From October through March, Metro said it made more than 50 arrests related to squatter calls that involved drugs, warrants, stolen property and other charges. Most people use the empty homes to commit other crimes — for drug making, as chop shops where vehicles are stripped for parts, and as hubs for credit card and identification fraud, said Metro Police Lt. Nick Farese, who tracks the issue for the department and works with the Greater Las Vegas Association of Realtors.

Encouraged by the media police and real estate officials, residents have been reporting squatting.

Farese said Metro handled 2,284 squatting-related incidents in 2013. That rose to 3,110 in 2014 and to 4,458 calls in 2015.

So far this year, there were 2,672 calls, up 23.1 percent from 2,056 calls a year earlier.

Awareness of squatting is spreading, but reducing it will take time, Farese said.

“We have a law on the books that we never had before,” he said. “The challenge with everything is manpower. …

“We have limited resources, and violent crime is a priority first,” Farese said. “We want people to call and tell us there’s a squatter in the house, but it doesn’t mean a uniformed officer in a black and white will pull up and make an arrest.”

The Henderson Police Department said it has made eight arrests since the new law took effect. Investigations were underway on 60 cases recently.

Sgt.
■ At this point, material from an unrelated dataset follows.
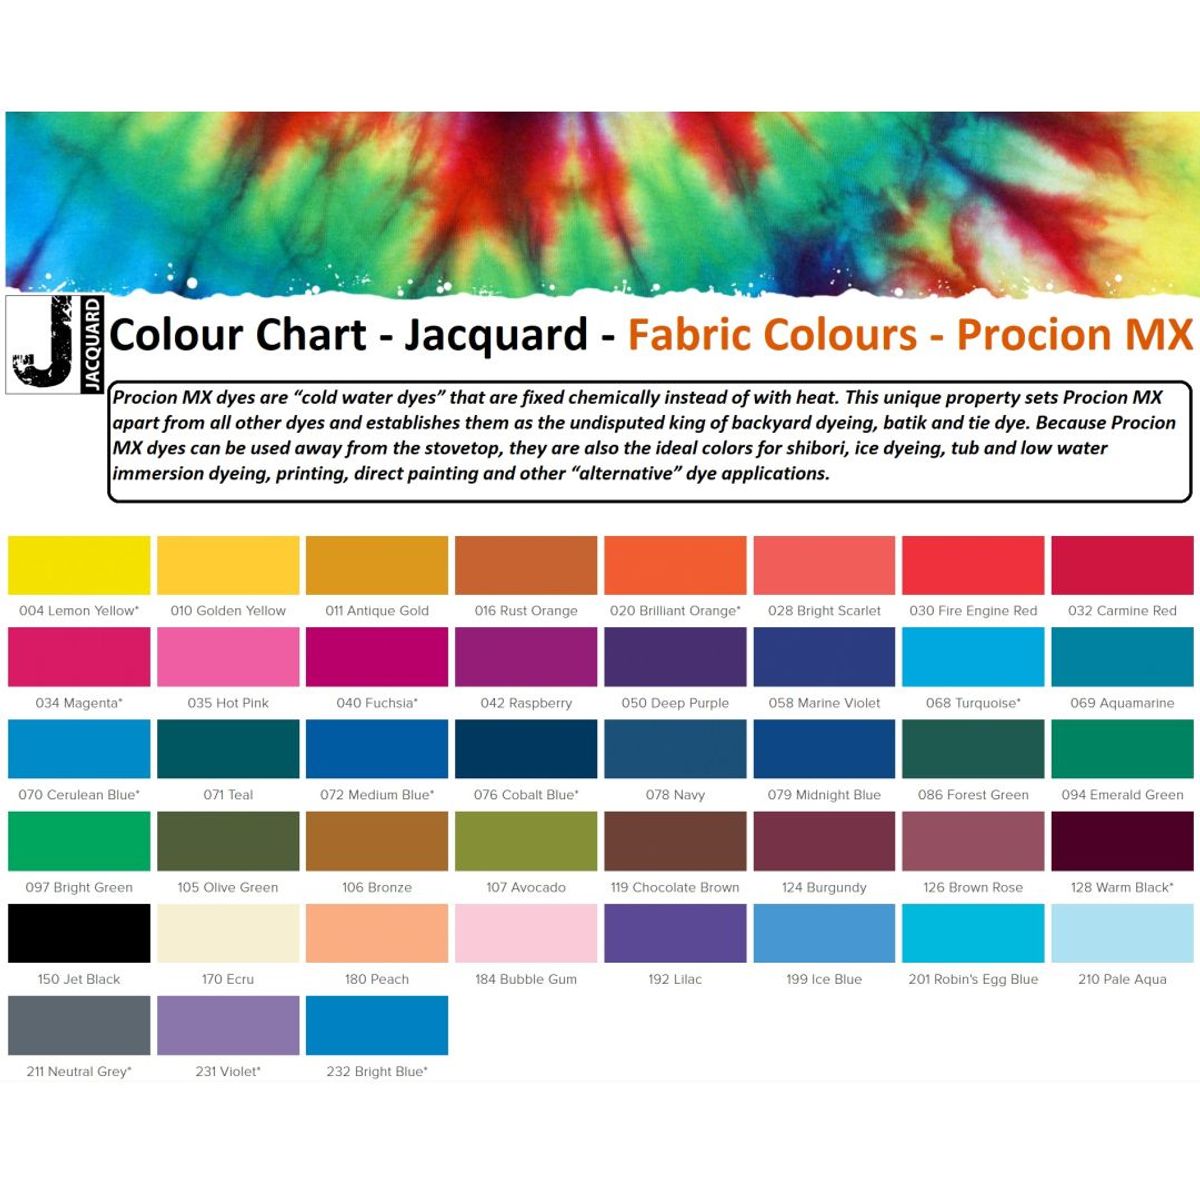 Jacquard - Procion MX Dye - Fabric Textile - Hot Pink 035

Kirk Moore, who handles squatting for the department, said the new law has given police more leverage to deal with squatting.

“The word has gotten around in the county so people know what to look for and criminals know that if they do this there’s a likelihood of prosecution,” Moore said. “That’s starting to weed out people.”

‘THE WORD IS OUT’

In North Las Vegas, officer Scott Vaughn works with three other officers and city code enforcement on a squatter task force. He said the department has made 10 squatting-related arrests over the last 18 months. Defendants are pleading guilty and getting probation, but face jail time if they continue, he said.
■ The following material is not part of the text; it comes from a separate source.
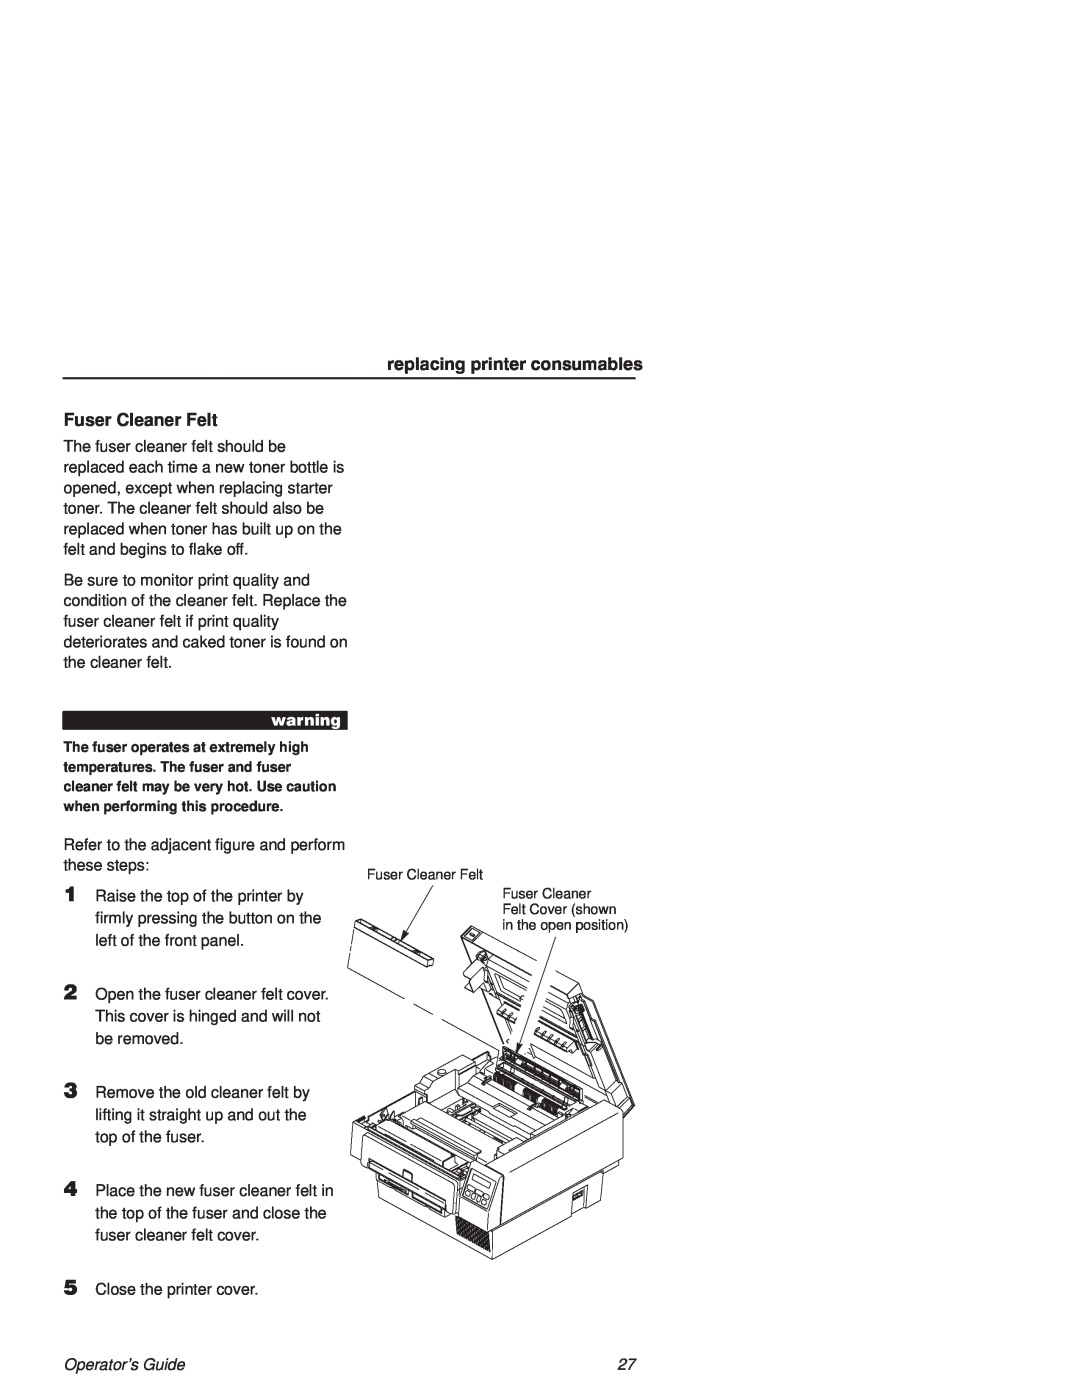 Printronix L1524 manual replacing printer consumables, Fuser Cleaner Felt, Operators Guide

The city has about 100 active squatter cases among 6,000 homes in foreclosure, he said.

“It’s not gotten any better or worse, but has been steady,” Vaughn said. “But word is starting to get out there, and it will be a deterrent.”

Some Realtors and banks with foreclosed homes continue to pay squatters $3,500 to $5,000 to move out, since formal eviction might cost that much, Vaughn said.

“That became a very rampant problem and we are trying to wrap that up as more brokers, banks and realty companies find out what we’re doing,” Vaughn said. “We were able to save one brokerage $12,000 in one week from keeping them doing cash for keys.”

The public has helped fight squatting by telling police where to find other squatters, Vaughn said. He’s even getting tips from mail carriers and firefighters who spot generators powering homes or stealing power from neighbors.

AVOIDING CIVIL COURTS

Realtors are noticing a difference.

Michael Ring, broker/owner of Go Global Realty, said he’s had no squatting cases at his 280 properties this year. From 2011 to 2015, he’d averaged about 10 squatter cases a year, he said.

“Now they know they can’t hide in the shadows because people will report them,” said Ring, vice chairman of the GLVAR’s property management committee.

Bill Hastings, broker/owner of Hasting Brokerage, which manages foreclosed homes for banks, said the new law has teeth.

“You still have squatters going on, but you have a structure to handle them now,” Vaughn said. “It gets them out period because before cops would tell you it’s a civil matter and you just have to deal with it.”